Perumal Venkatesan aka PeeVee (1979, Villupuram, Tamil Nadu, India) is a people photographer and creative entrepreneur based in Bangalore, India. He co-founded the Thalam website. a creative space, both in Bangalore. His photography works have been published in various Indian and international media. His work has also been exhibited at art galleries across India.

Photography career
Perumal Venkatesan hails from an agricultural family. He finished his Chemical Engineering from the University of Madras. After taking up odd jobs for the first two to three years of his career, he zeroed in on his creative instincts. He finished his master's in Business Administration from Pondicherry Central University before stepping into the advertising industry. PeeVee has worked with several MNC clients, including Intel Semiconductor, providing them with creative & photography services for their internal & external communication needs.
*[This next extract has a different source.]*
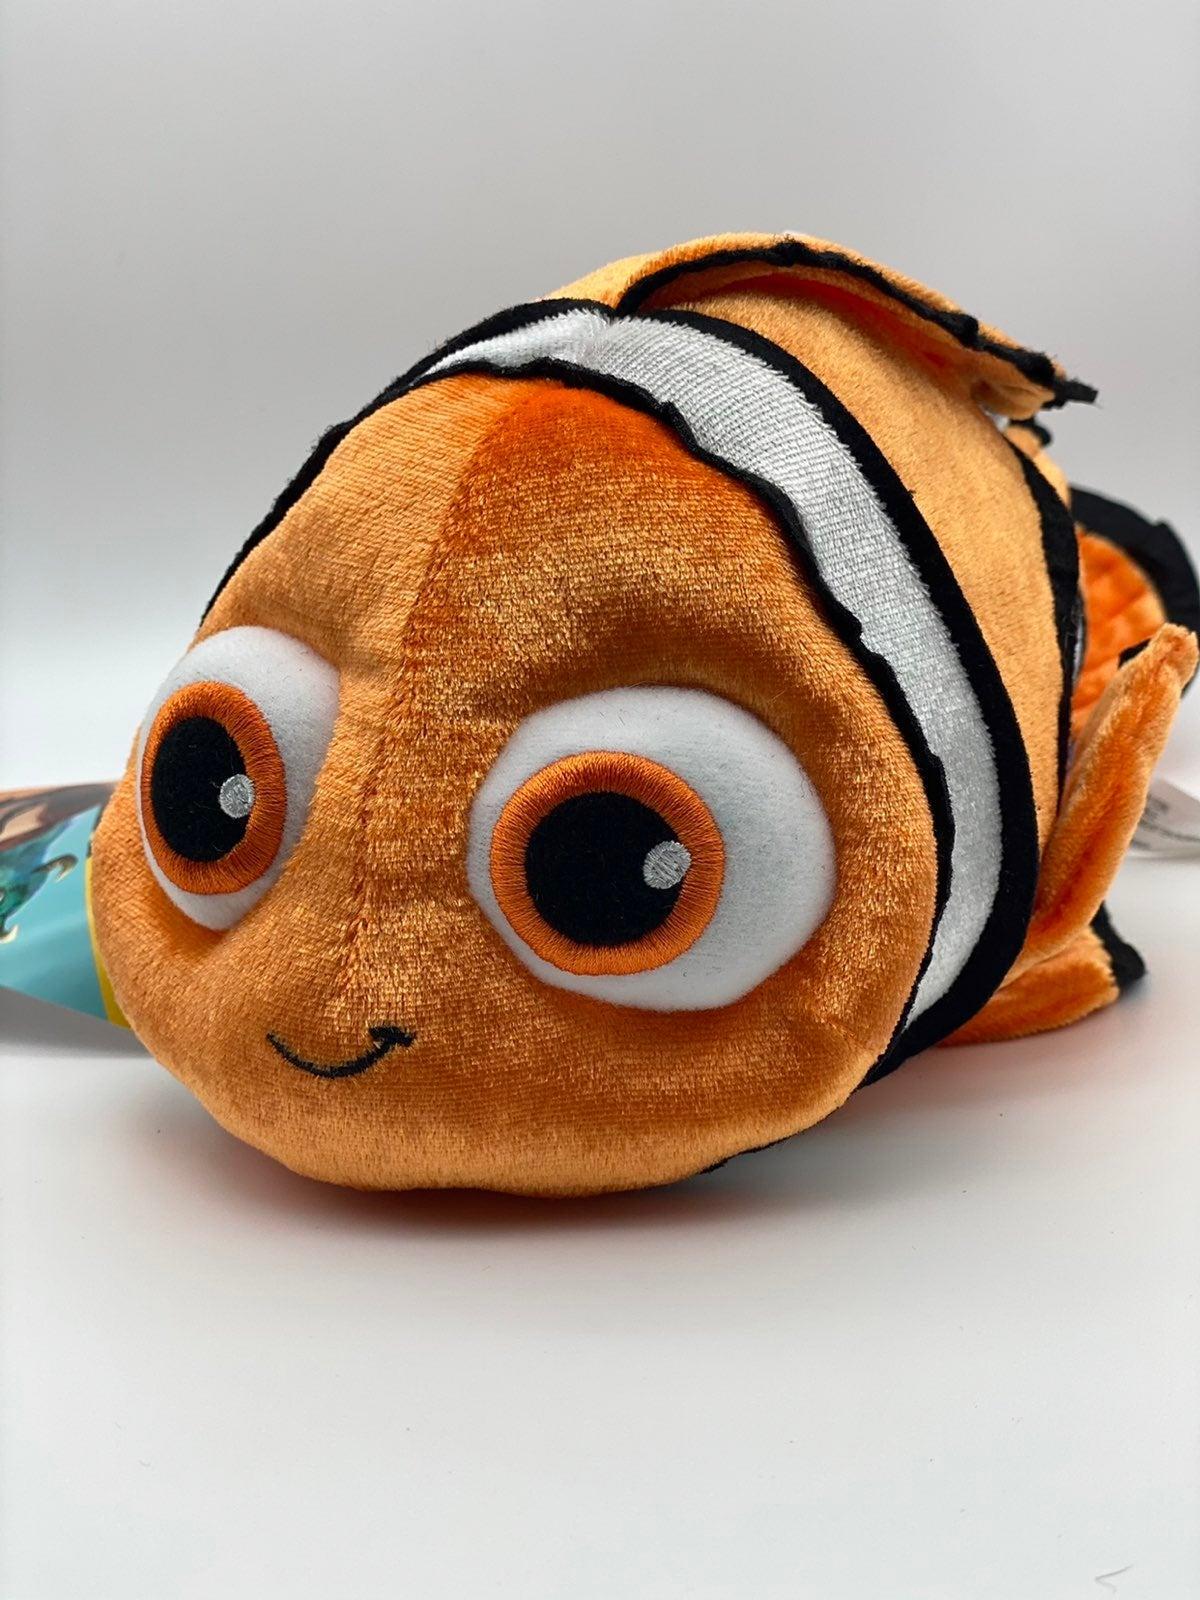 Disney Pixar Finding Nemo - Nemo Plush

PeeVee is part of the photography group, Bangalore Weekend Shoots which organizes photo walks in the city.

Creative Entrepreneur
After a seven-year stint in advertising, he developed an online photo contest called Frames of the City and published a coffee table book in the same name. In April 2013, after 18 months at Red Frames, he  joined his photography friend Dilip Param as a co-founder for Thalam, a creative community space.

Recognitions
In March 2014, PeeVee was invited to be a part of The Beauty & The Grit Dance Photography Workshop by STEM dance Kampni in association with JAAGA, mentored by the International dance artistes Roy Campbell-Moore and Ann Sholem.
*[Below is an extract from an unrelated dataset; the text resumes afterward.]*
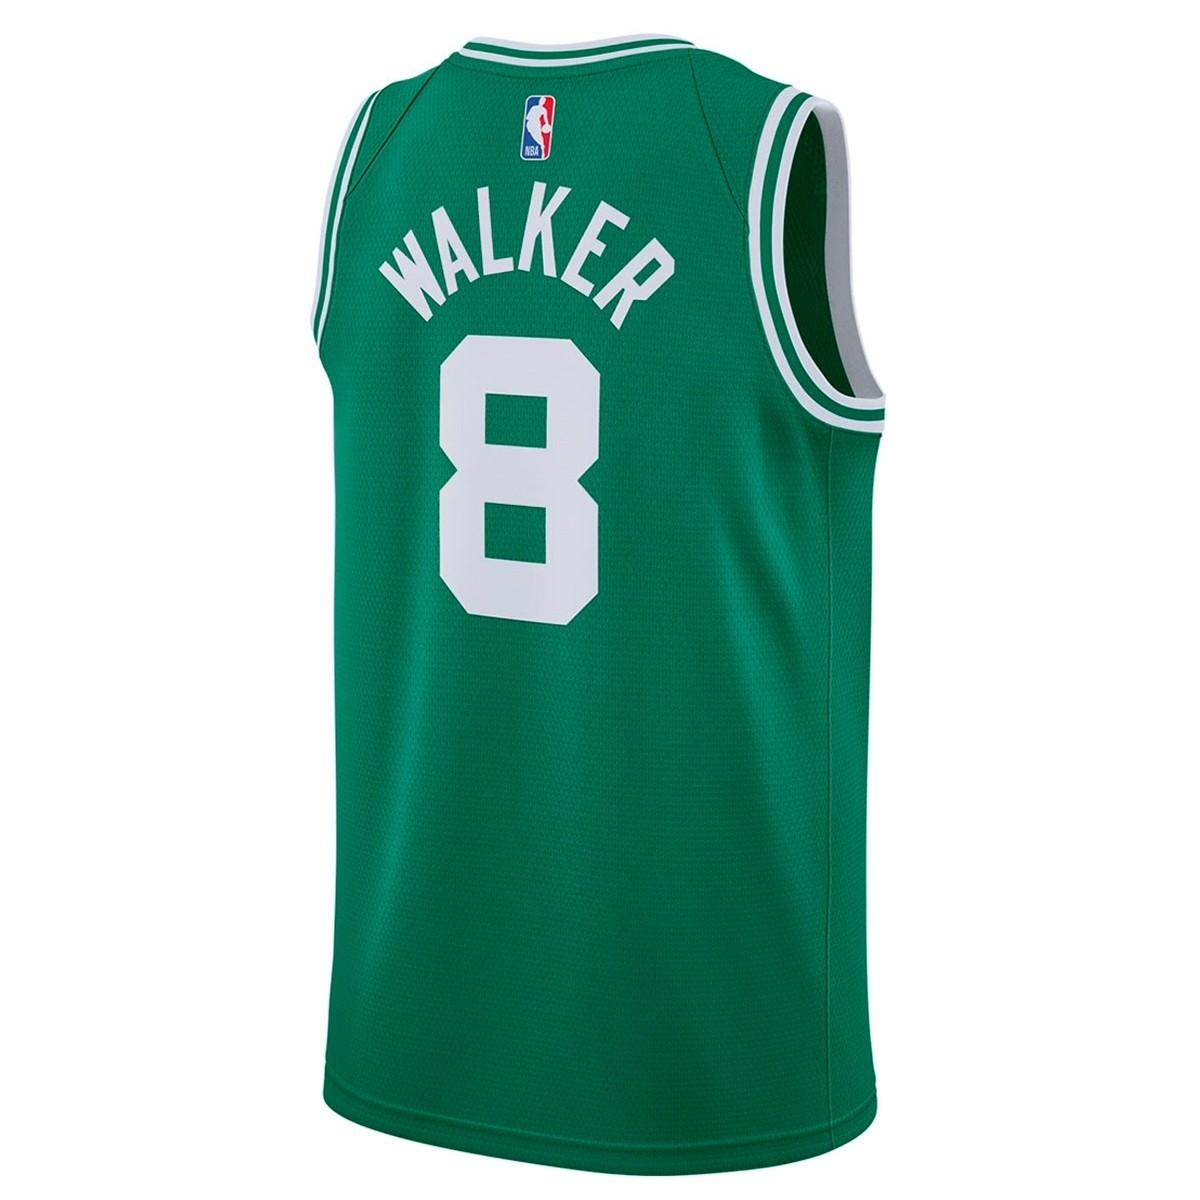 Nike Junior NBA Celtics Swingman Jersey Walker 'Icon Edition'-EZ2B7BZ2P-BCKWI

In September 2012, Timeout Bengaluru (a global lifestyle magazine) named PeeVee as "One of the 13 local heroes for culture in Bangalore", for his contribution to photography.

In August 2012, PeeVee was invited to present "Crowd Sourcing in Creative Entrepreneurship" at The Asia Entrepreneurship Summit 2012 at ITC Gardenia, Bangalore.

In September 2011, PeeVee was invited to give experTED at School of Management, Pondicherry University, Puducherry.

Collaborations for a Cause
PeeVee with a team of photographers worked closely with INTACH to crowdsource and produce a series of postcards named "Portraits of Bangalore" for INTACH in 2009. PeeVee has contributed six of 16 photographs used in the postcard series.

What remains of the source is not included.